See [`AGENTS.md`](AGENTS.md) for the full workflow: when to run the
CPU-reference correctness gate, when to add a `rocprofv3 --kernel-trace` smoke,
and what a retained benchmark row requires.

## References & lineage

hipEngine is not a fork of any project; it is a brand new codebase with from-scratch
code and kernels. Of course it builds on the work of many others:

- [ROCm](https://github.com/ROCm/rocm) - of course this all sits on AMD's open-source
  compute stack, notably on [HIP](https://github.com/ROCm/rocm-systems/tree/develop/projects/hip).
- [Nano-vLLM](https://github.com/GeeeekExplorer/nano-vllm) - most of the original
  kernel tuning iteration loops used this as a host-layer.
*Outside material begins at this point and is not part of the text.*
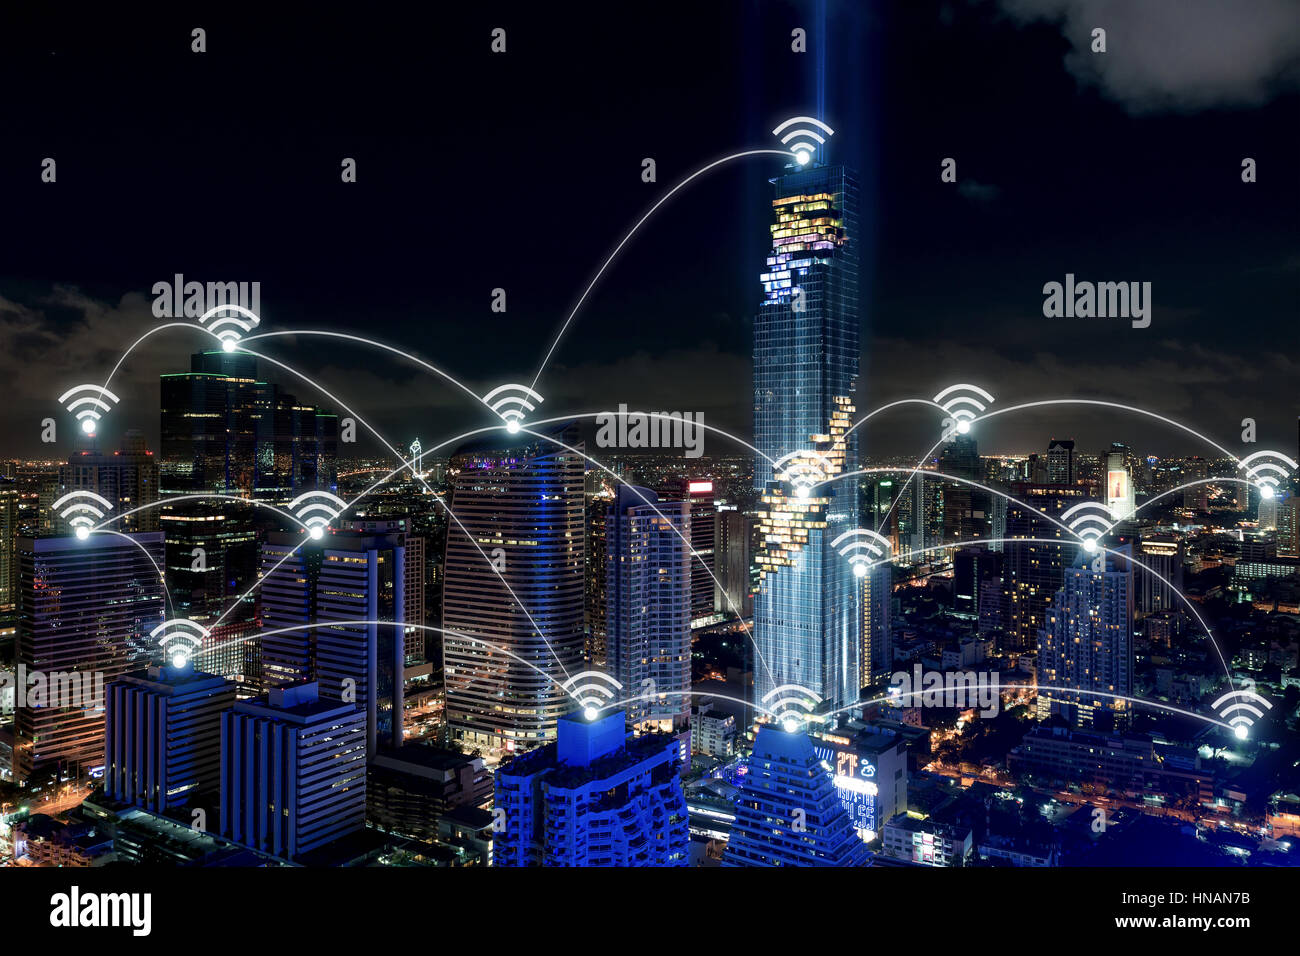 Des ville et réseau de communication sans fil, du quartier des affaires avec office building, résumé Photo Stock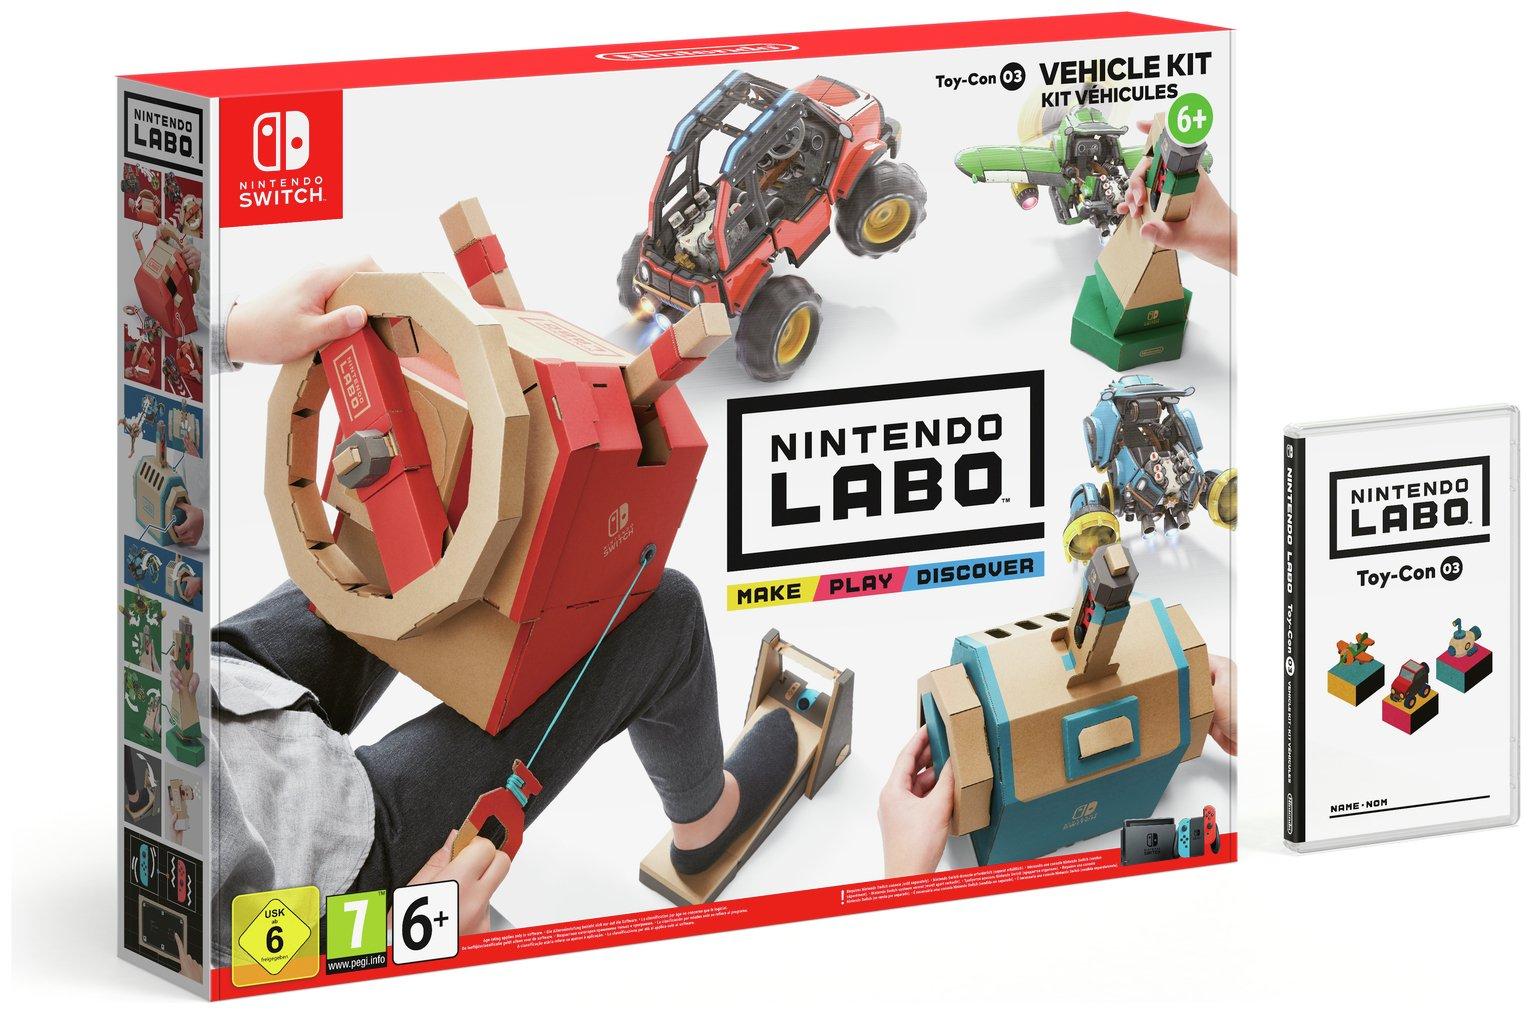 Nintendo LABO Toy-Con 03 Vehicle Kit £28.99 Argos

Some of the performance 
  limitations of the architecture motivated the hipEngine rewrite, but we remain
  greatful and deeply appreciative of nano-vllm as a great research platform.
- [ParoQuant](https://github.com/z-lab/paroquant) - after reviewing the current SOTA on model
  quantization, we chose ParoQuant as the first target due to both its excellent accuracy
  *and* its efficiency (QTIP/[YAQA](https://github.com/Cornell-RelaxML/yaqa-quantization) is 
  very cool but proved challenging to implement performant RDNA3 kernels)
- [FastDMS](https://github.com/shisa-ai/FastDMS) - our KVCache ABI is shaped by the lessons 
   learned from building our DMS reference implementation.

Greetz: [hipfire](https://github.com/Kaden-Schutt/hipfire), [Lucebox](https://github.com/Luce-Org/lucebox-hub), [DS4](https://github.com/antirez/ds4), [ExLlamaV3](https://github.com/turboderp-org/exllamav3) and ofc the og [llama.cpp](https://github.com/ggml-org/llama.cpp)

See also: [Marlin](https://github.com/IST-DASLab/marlin), [kernel-anvil](https://github.com/apollosenvy/kernel-anvil), [wmma_ops](https://github.com/glovepost/wmma_ops), [tilelang](https://github.com/tile-ai/tilelang), [fsr4-rdna3-optimization](https://github.com/lhl/fsr4-rdna3-optimization), [ROCm examples](https://github.com/ROCm/rocm-examples)


## License

hipEngine source code is licensed under **AGPL-3.0-or-later**. It is built and distributed
for anyone who has an AMD card that hasn't been living up to its compute potential.

Model weights, checkpoints, and external datasets remain under their own licenses.